[Required action] Pictures are to be left out; every line from the one with "Top 5 Star Wars-inspired" through the end of the data must be transcribed exactly.

[Material provided]
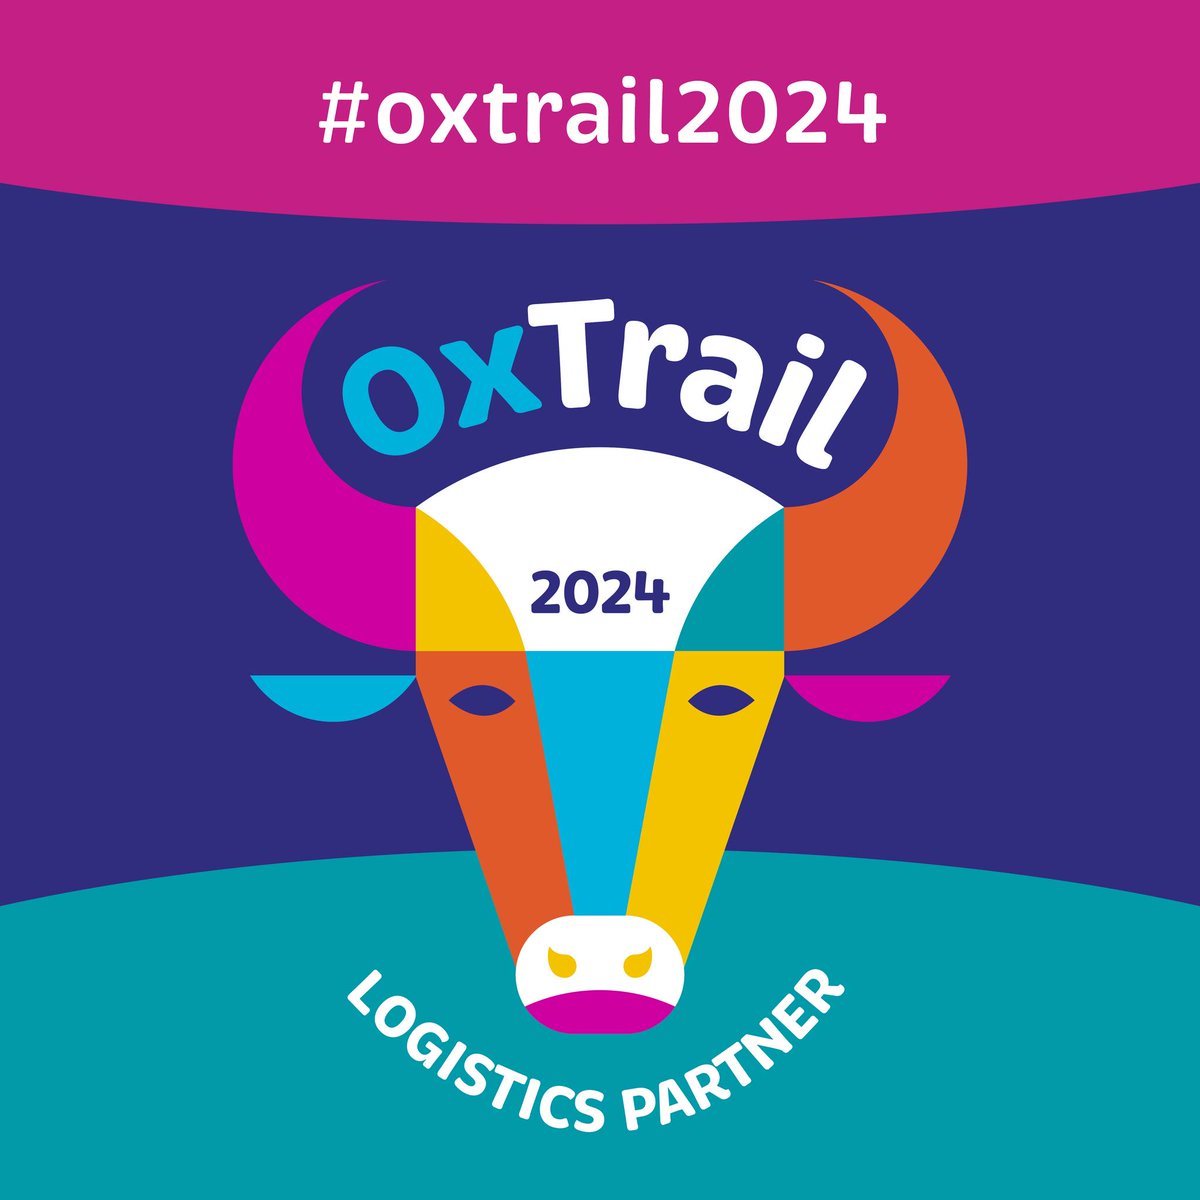 We are excited to announce we are proud sponsors of Oxford’s very first sculpture trail in aid of @sobellhouse Introducing @oxtrail2024, where over 30 life-sized ox sculptures will be ‘herding’ into #Oxford this summer! Find out more: oxtrail2024.co.uk
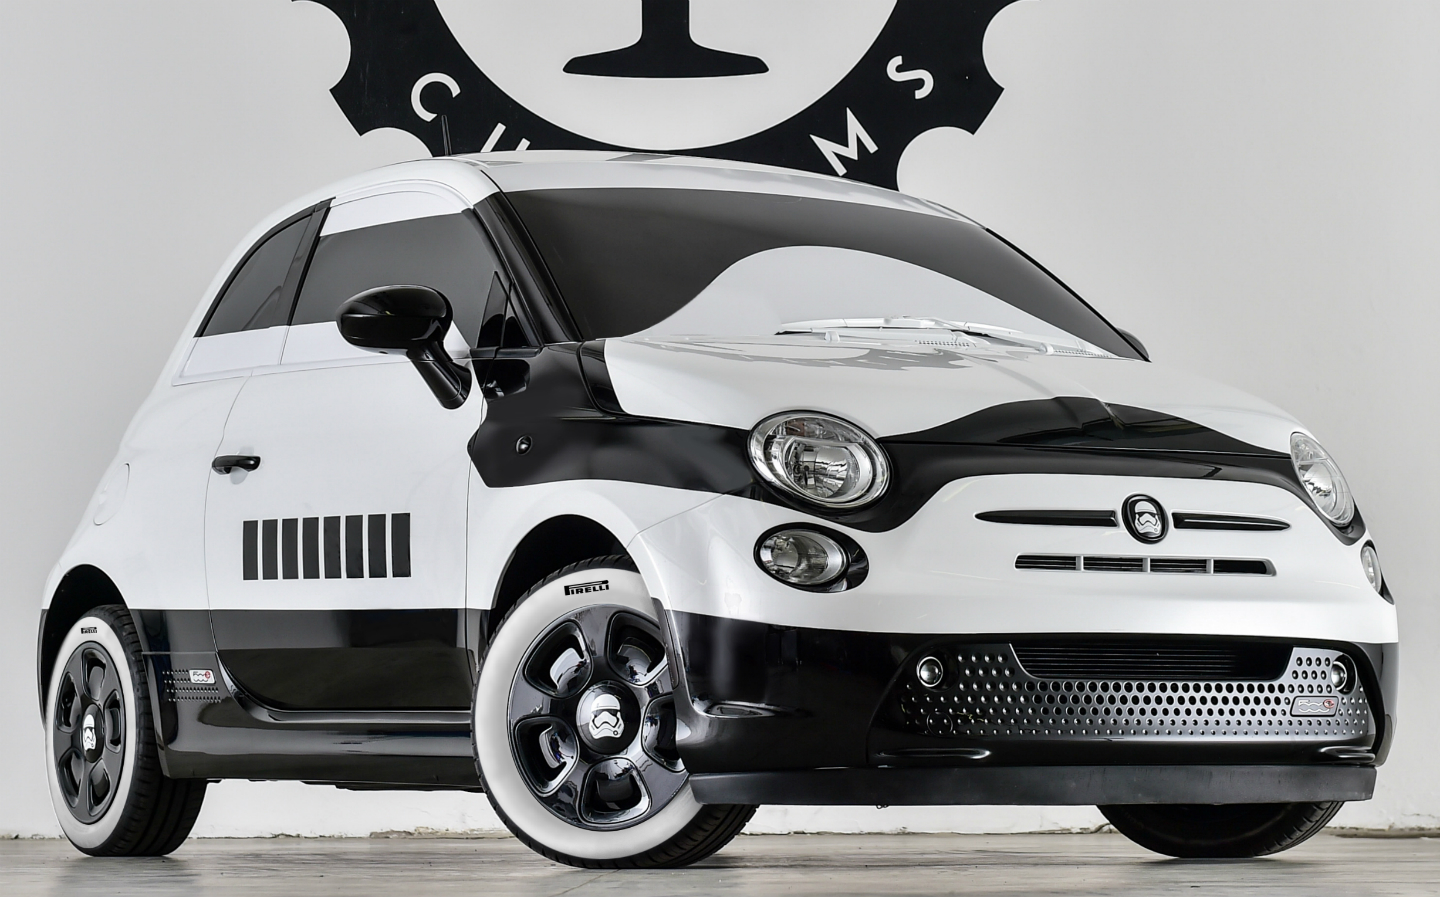 Top 5 Star Wars-inspired special edition cars 2015 Fiat 500e Stormtrooper
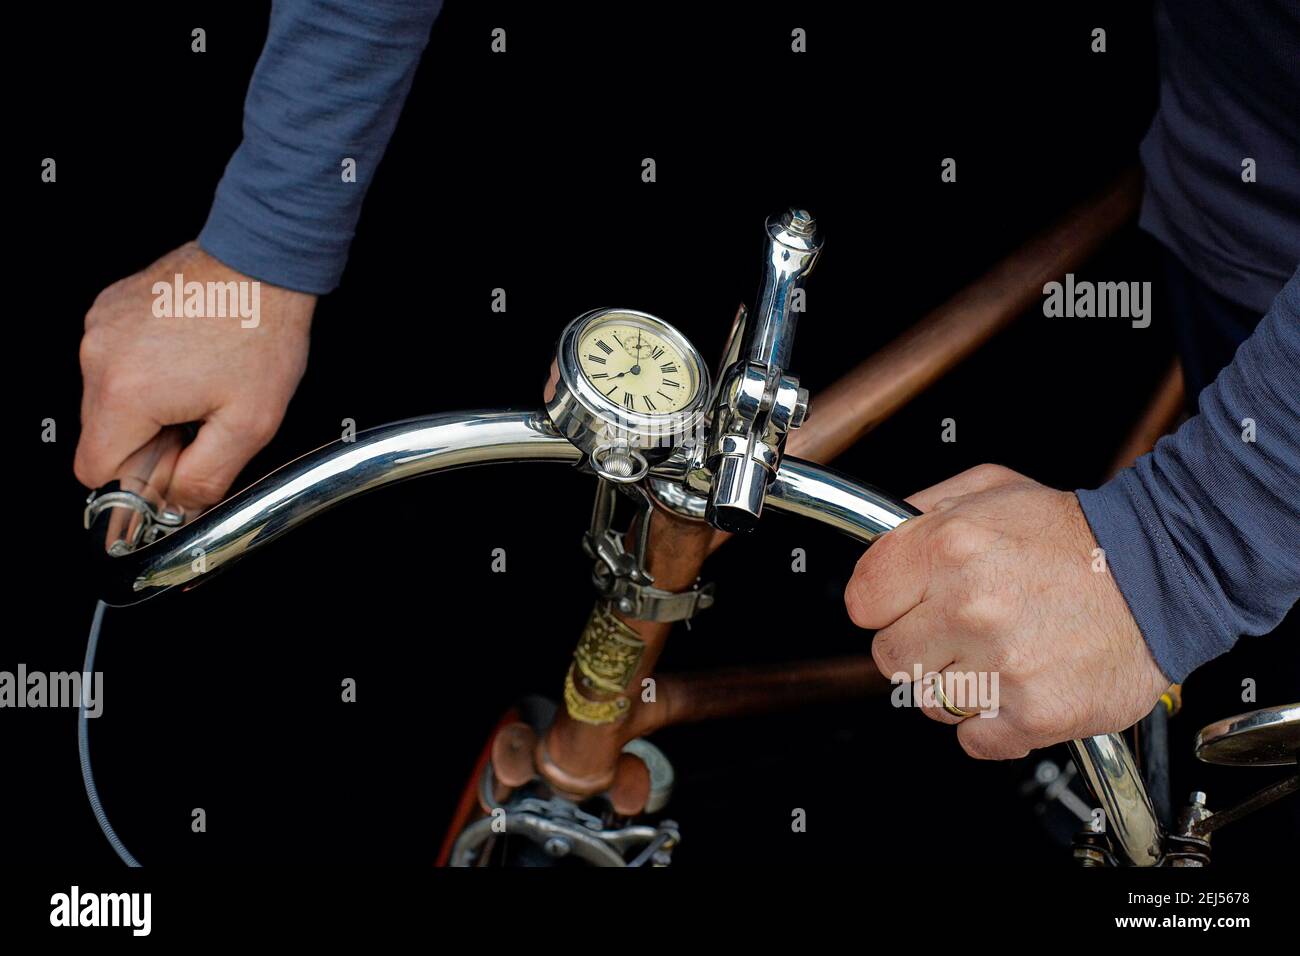 Rene a La Greve Tour De France 1920 fixed wheel bicycle out of gleaming copper.Hands of a man holding handlebars on vintage bicycle. Stock Photo
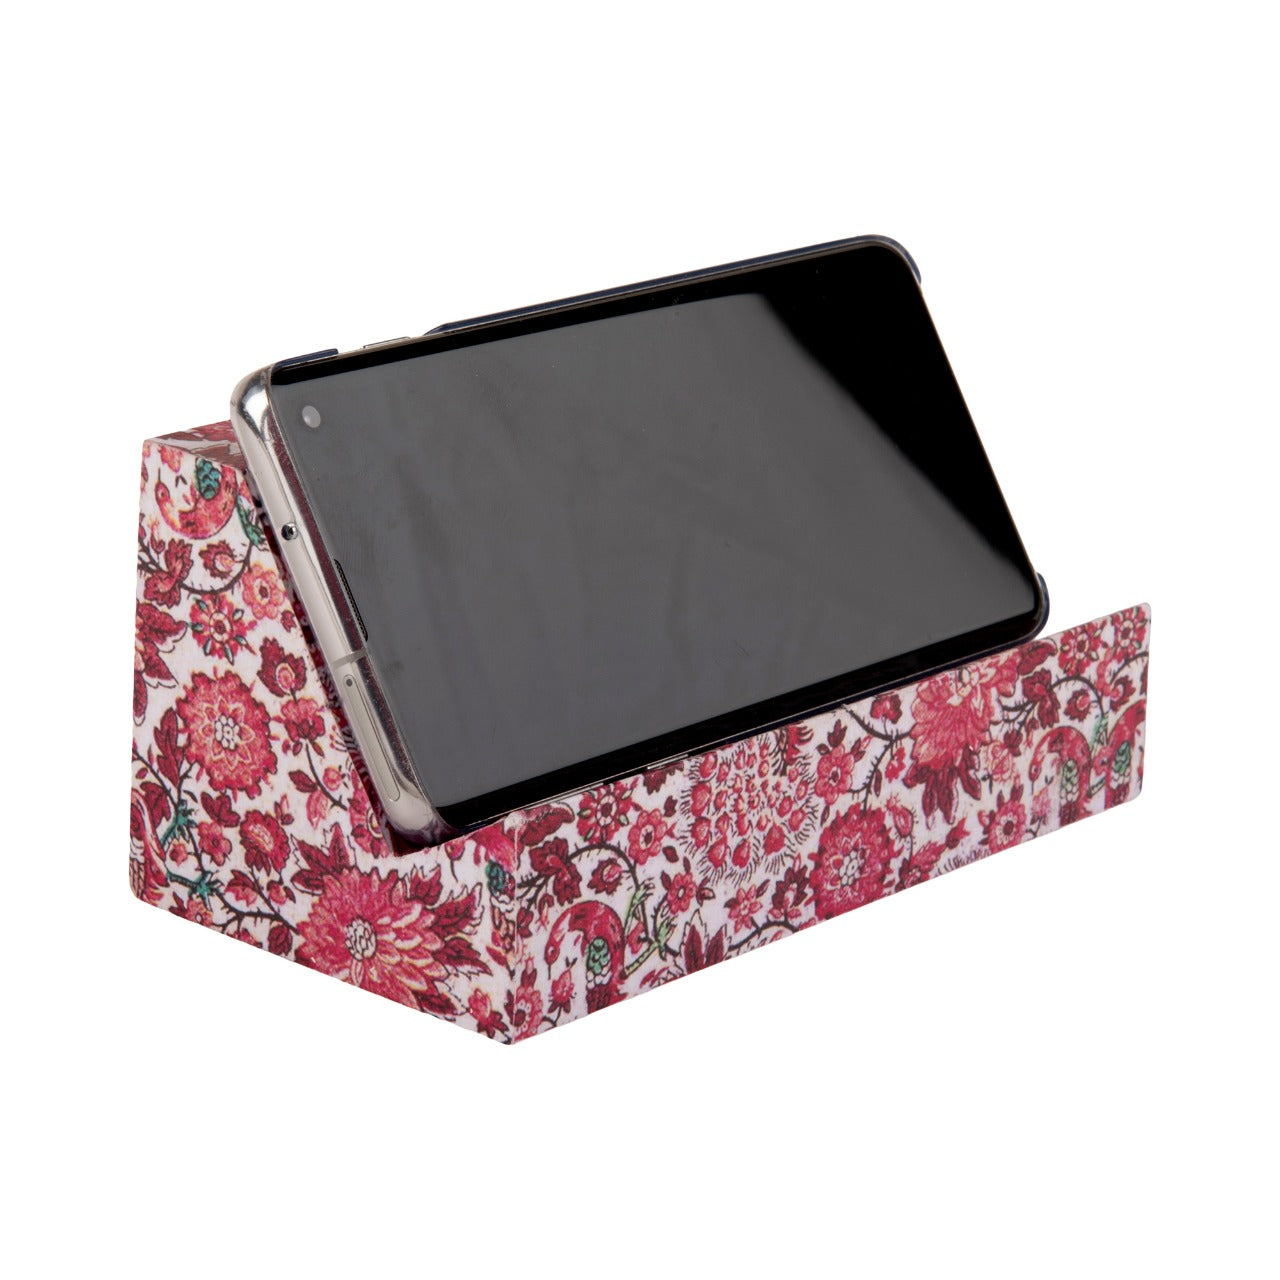 A Tiny Mistake Red Spring Floral Phone Stand for Charging and Watching Videos

[Answer below]
 Top 5 Star Wars-inspired special edition cars 2015 Fiat 500e Stormtrooper
 Rene a La Greve Tour De France 1920 fixed wheel bicycle out of gleaming copper.Hands of a man holding handlebars on vintage bicycle. Stock Photo
 A Tiny Mistake Red Spring Floral Phone Stand for Charging and Watching Videos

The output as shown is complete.